The writer is an FT contributing editor
The decisive shift in nationalist opinion during the Northern Ireland peace talks was recognition that persuasion is the only route to a united Ireland. It was not enough for the British to leave. The principle of popular consent was duly enshrined in the 1998 Good Friday Agreement. There is something to learn here for unionists worried about holding on to the province’s Britishness.
The Democratic Unionist party, the largest unionist grouping, has been stalling a return to devolved government in Belfast by refusing to form a power-sharing executive with Sinn Féin — now the biggest nationalist party but not so long ago the political wing of the IRA. The Belfast assembly has been rendered powerless even as public services fall into serious disrepair.
The proximate cause of the DUP’s anger is the deal struck by Rishi Sunak’s government on post-Brexit trade between the EU and Northern Ireland. To maintain an open border between the province and the Irish Republic — mandated by the Good Friday accord — Sunak has agreed in effect to keep Northern Ireland in the EU customs union and subject to single market rules.
The DUP has a point, even if it is one the party might have thought more carefully about before campaigning in favour of Brexit. Over time regulatory checks in the Irish Sea may well tilt the economic balance towards all-Ireland trade and investment flows at the expense of those between Britain and the province. In unionist minds this is a slippery slope to Irish unity.
The insecurities thrown up by Brexit, however, are only one strand in a deepening concern that unionism is losing the argument. Secular trends also point in a nationalist direction.

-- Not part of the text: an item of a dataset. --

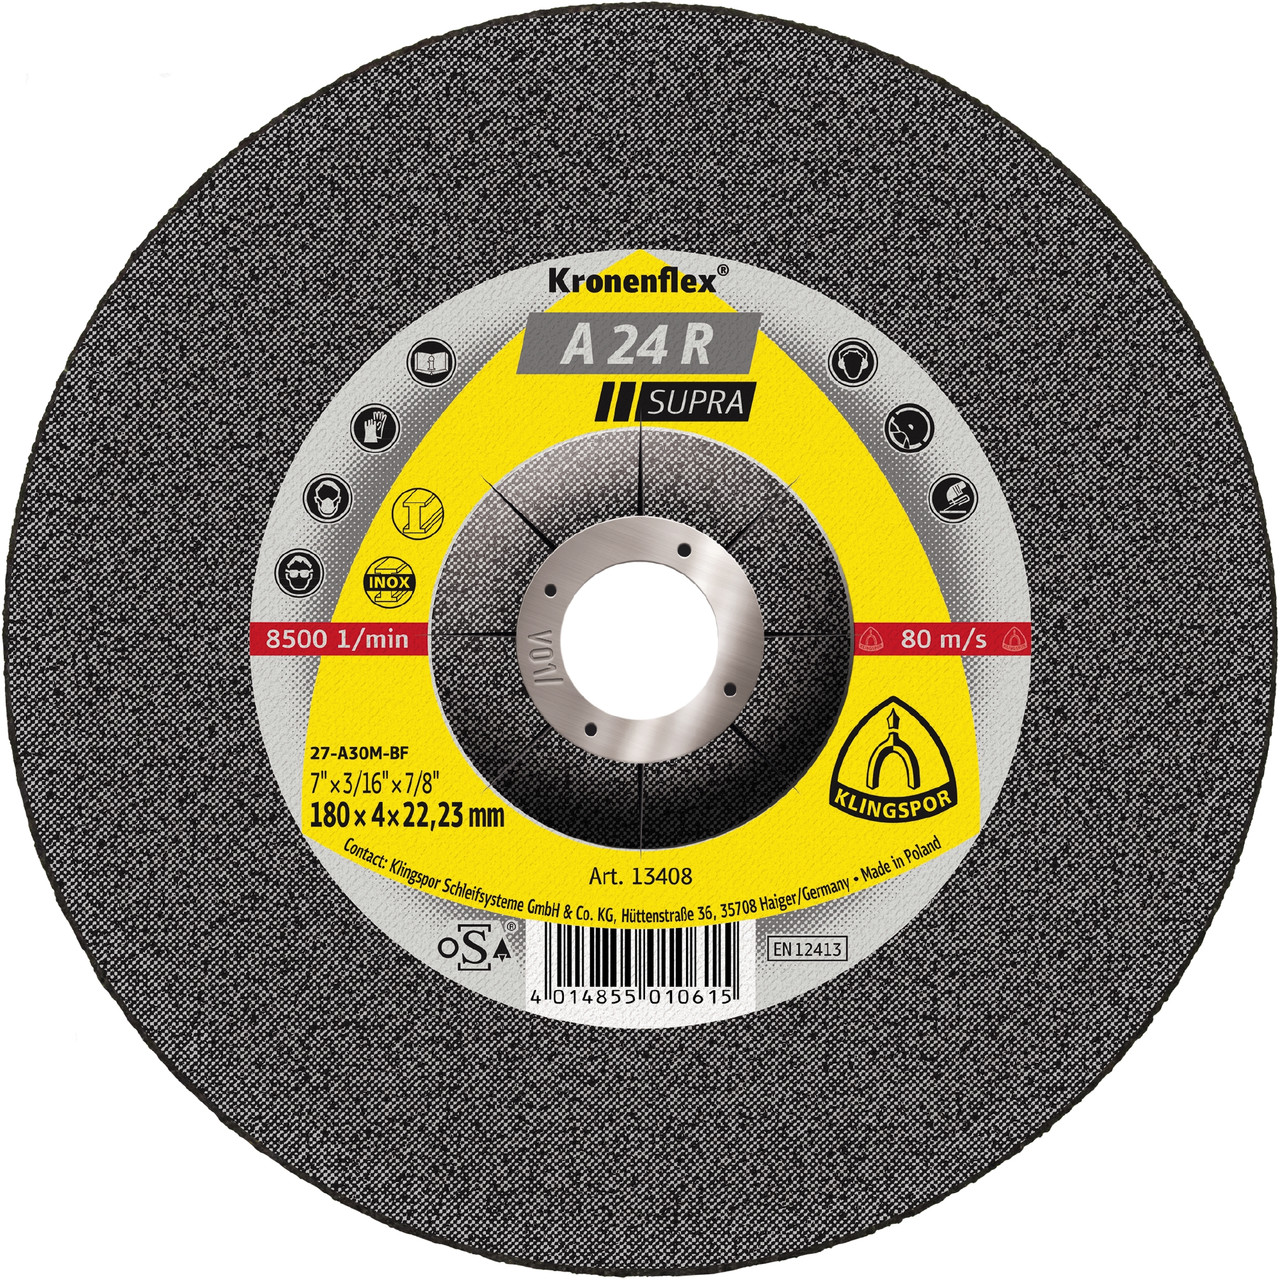 Grinding Disc - (A24R) Supra/12200Rpm Medium 125X4X22Mm

The latest census shows Catholics outnumber Protestants in the province. Sinn Féin is the largest party in the assembly. Removing the block on the executive would see Sinn Féin leader Michelle O’Neill appointed first minister, a post that hitherto has belonged to a unionist. That is not quite as dramatic as it sounds — power sharing would bestow equal authority on DUP leader Jeffrey Donaldson as deputy first minister — but symbolism counts for a lot in Northern Ireland.
Many in the DUP still struggle to admit that the past cannot be recovered. Stormont will never again be the property of the Protestant ascendancy established after partition. What’s perceived as the British government’s betrayal in signing the so-called Northern Ireland trade protocol with Brussels has heightened visceral fears of a united Ireland.

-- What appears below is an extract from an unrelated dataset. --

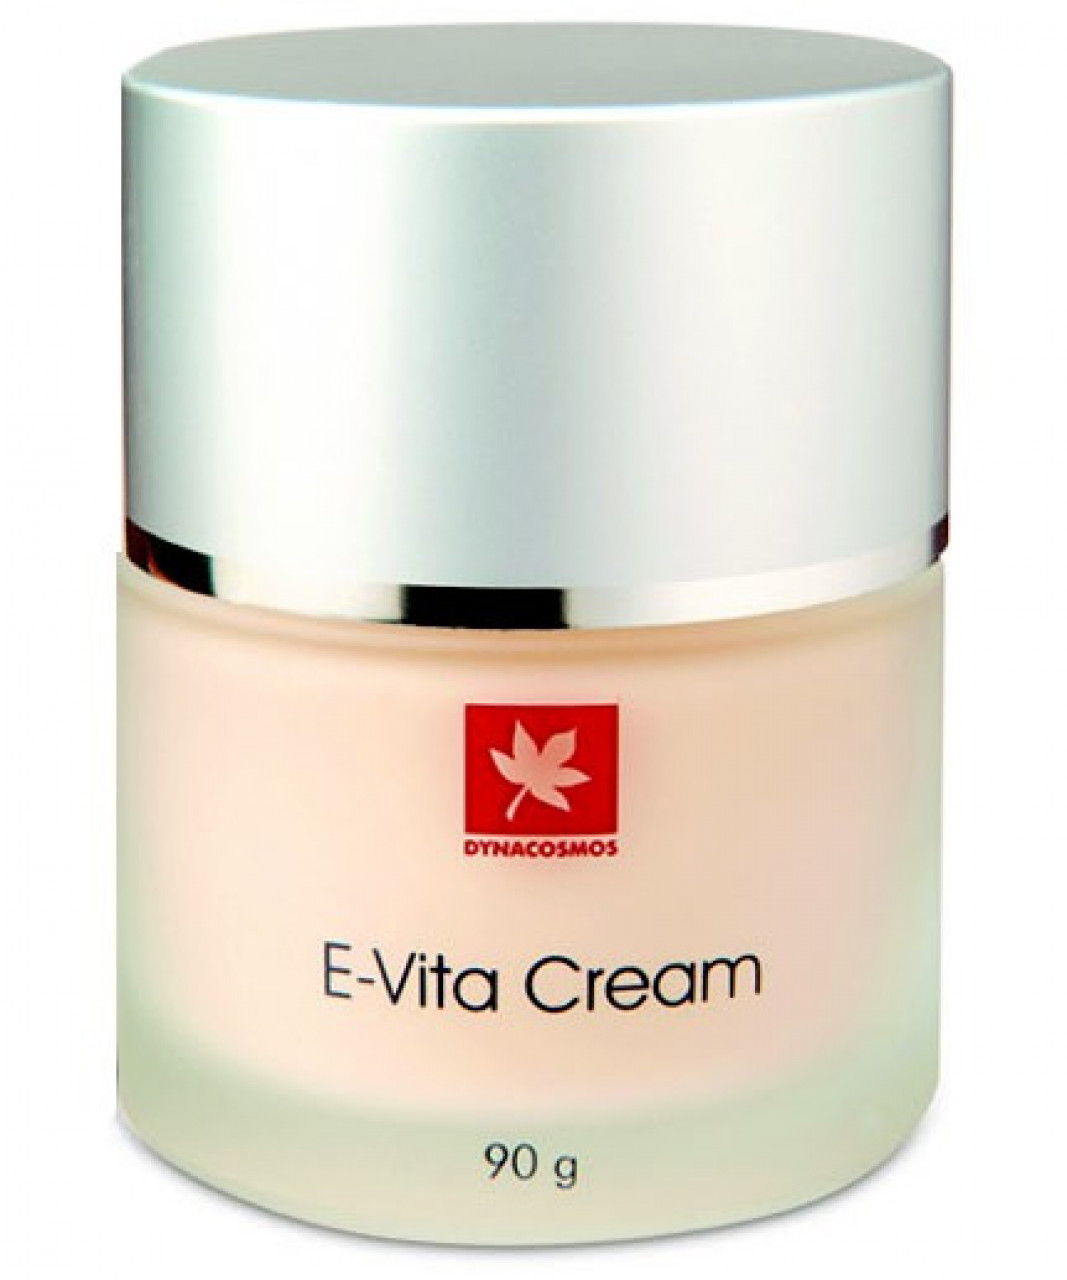 E-vita cream, Perfumes - Cosméticos, Bissau

As it happens, demography is not political destiny. Northern Ireland Catholics are overwhelmingly nationalist and Protestants unionist, but opinion polls show a sizeable number of Catholics are as yet unconvinced of the merits of Irish unity. Young voters from both faiths are increasingly eschewing confessional politics by backing the Alliance party. These are the votes that will most likely decide Northern Ireland’s constitutional future.
There have been recent signs the DUP is reconsidering its boycott. That would be the wise choice. The unionist cause has nothing to gain from retreat. Unionist abstentionism scarcely makes the case that Northern Ireland’s prosperity rests with maintaining ties with the rest of the United Kingdom. What’s required now of defenders of the union is a leap of political imagination comparable to that of Irish nationalism’s admission that unionism cannot be coerced.
The contest, in other words, is one between persuaders. The outcome is not a foregone conclusion. The post-Brexit speculation about Irish unity has been overdone. The possibility that Sinn Féin may soon be the largest party in the Republic as well as in the north will doubtless heighten unionist anxieties further. But speculation about an inexorable march to a united Ireland ignores political realities on both sides of the border.
Just as many Catholics in the north say they would opt to remain part of the UK if a vote were held today, so many nationalists in the Republic are beginning to question whether their emotional commitment to ending partition is enough to make a success of reunification. Lord make me chaste, St Augustine is reputed to have said, but not quite yet.
The Good Friday Agreement put the choice about Northern Ireland’s constitutional future in the hands of voters on both sides of the border. For many, the issue is one of identity. But swing voters will make a hard-headed judgment as to whether nationalism or unionism promises a better future. If Northern Ireland remains in the UK it will be by consent. If they want to win the argument, unionists need to show Britishness works.